Entre les mots en forme d’engagements la main sur le cœur, les postures façon
jeu de piste et les serments d’hypocrites, Mac Macron et ses affidés, sans
parler de toute la clique des libéraux médiacratiques ayant soudain vu la
Vierge, voudraient tous nous donner l’impression qu’ils se sont convertis à un
new deal keynésien mâtiné de marxisme-léninisme de haute intensité. «Justice»,
«partage», «équité»: méfions-nous des incantations et du «plus
rien ne sera comme avant» en tant que genre, sitôt transformé en «tout
changer pour que rien ne change» – comme l’histoire nous l’a
assez enseigné… De ce point de vue, le Figaro, au moins, ne ment
pas à ses lecteurs. Dans une tribune à vocation prédictive, Ran Halévi,
directeur de recherche au CNRS, nous explique en effet pourquoi «les
professeurs de certitudes sur le “monde d’après”» vont être
démentis. «Au sortir d’une grande crise, écrit-il, l’espoir
de savoir tirer les leçons et de faire perdurer l’esprit de sacrifice
et les solidarités qu’elle avait cimentés se heurte tôt ou tard à la grisaille
des vieilles habitudes et à de nouvelles épreuves.» Comment lui donner
tort sur ce point? Mais il ajoute: «Aux vaticinateurs du “rien ne sera
plus comme avant”, fait écho le peloton des procureurs qui n’ont pas besoin de
tout comprendre pour tout expliquer, puisque la crise valide ce qu’ils savent depuis toujours.
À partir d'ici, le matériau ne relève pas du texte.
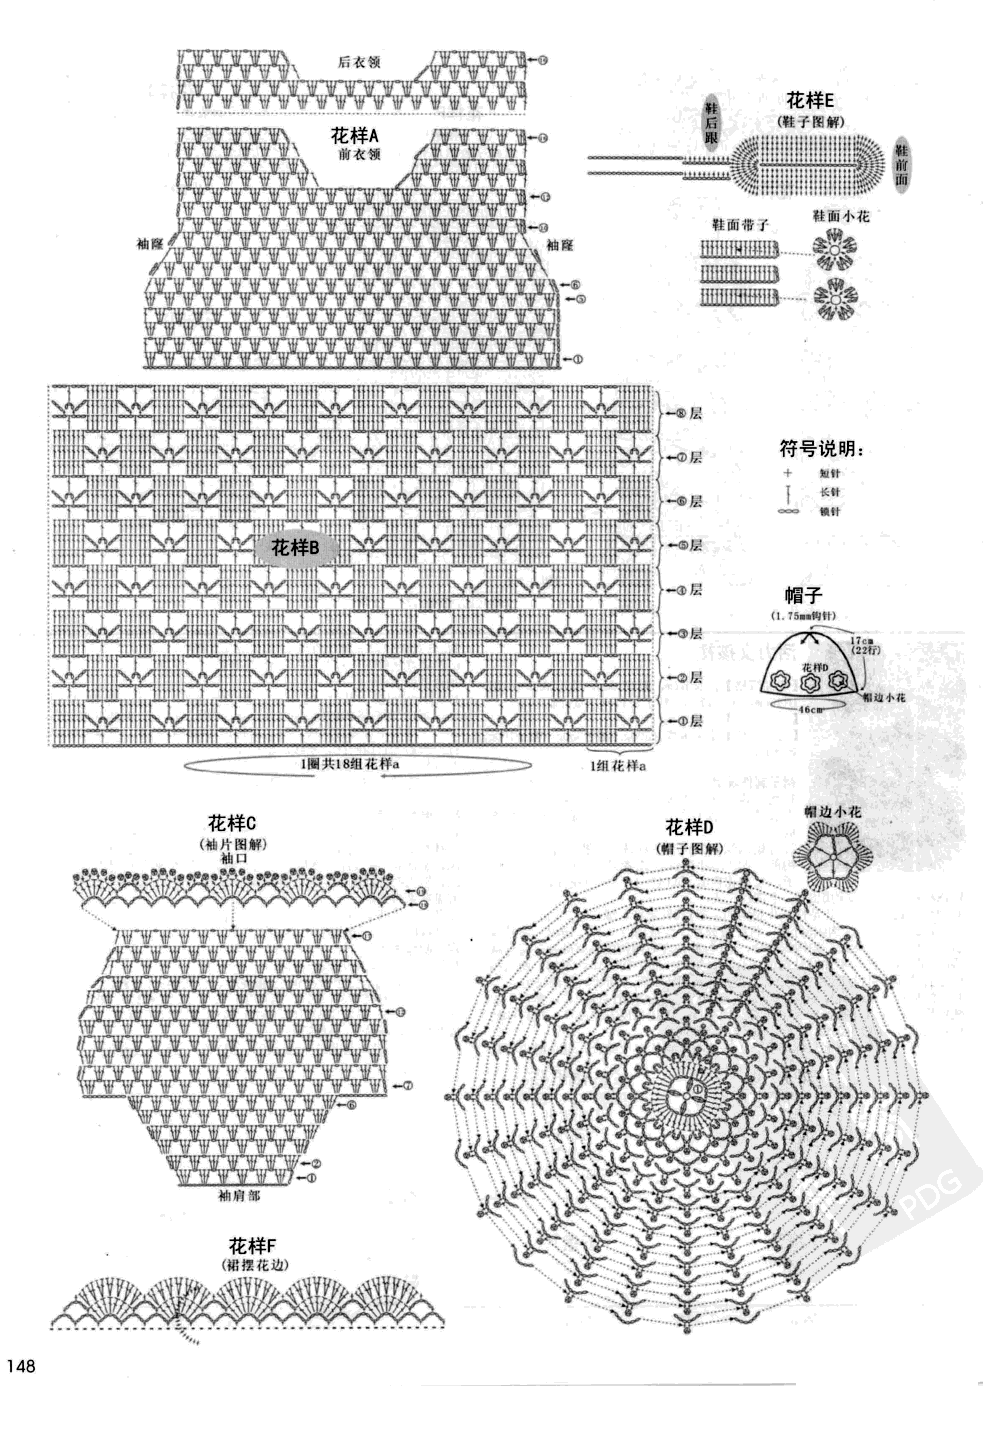 p (148).jpg

Leur verdict est sans appel : ovation du corps médical qui brave l’épidémie,
proscription des responsables qui n’ont pas su la contenir à défaut de
l’empêcher. Et, déjà, des associations d’indignés dressent des listes de
suspects et commencent à instruire leur procès politique.» Procès
politique ou débat politique? En démocratie, la confrontation lucide et parfois
violente évite aussi d’avoir à se dire, un jour, que là où n’existe plus
l’empreinte mémorielle d’une expérience précédente, le déni peut continuer
d’aveugler jusqu’aux mieux avertis…
Incertitude. Comment ne pas
être révolté, à l’image de l’écrivain Pierre Lemaître, prix Goncourt 2013, qui
déclare: «Alors, je suis très en colère devant ces gens qui, pendant
des années, nous ont donné des leçons et nous ont culpabilisés pour se rendre
compte aujourd’hui que le service public qu’on réclamait, on en avait besoin,
eux en avaient besoin, et la société plus que jamais en avait besoin.» À
ce stade, doit-on croire que, non seulement la pandémie de Covid-19 nous
rappelle à quel point l’avenir nous échappe, mais qu’elle ouvre
potentiellement, malgré tout, la possibilité d’une véritable révolution de
l’esprit? Le philosophe Jean-Luc Nancy pense même qu’elle était déjà en germe,
avant, et que, face à la menace écologique et aux multiples crises minant les
démocraties, les sociétés industrialisées entrevoyaient un inévitable
effondrement. «Sans cette révolution de l’esprit, il ne semblait pas
envisageable de rompre avec les logiques du calcul et de la production, au sens
où le calcul conduit à sortir de ce qu’Aristote visait comme la quête de la
bonne vie – par l’amélioration réfléchie de ce qui existe – et à
rechercher l’augmentation, l’accroissement…» Reconnaissons néanmoins
que, il y a quatre mois, la conscience de ce danger et de cette fuite en avant
du capitalisme n’était pas assez partagée collectivement
– à commencer par tout là-haut, du côté des puissants (sic) –
pour commencer à mettre en œuvre un redressement de la trajectoire. «Comme
il n’était pas possible d’imaginer, autrement que sous le régime de l’utopie,
une révolution économique et sociale», poursuit Jean-Luc Nancy. La
lutte des classes, réelle mais trop assourdie, nous laisse devant une
incertitude. Sachant qu’un effondrement possède une vertu, quelquefois: celle
de nous refonder.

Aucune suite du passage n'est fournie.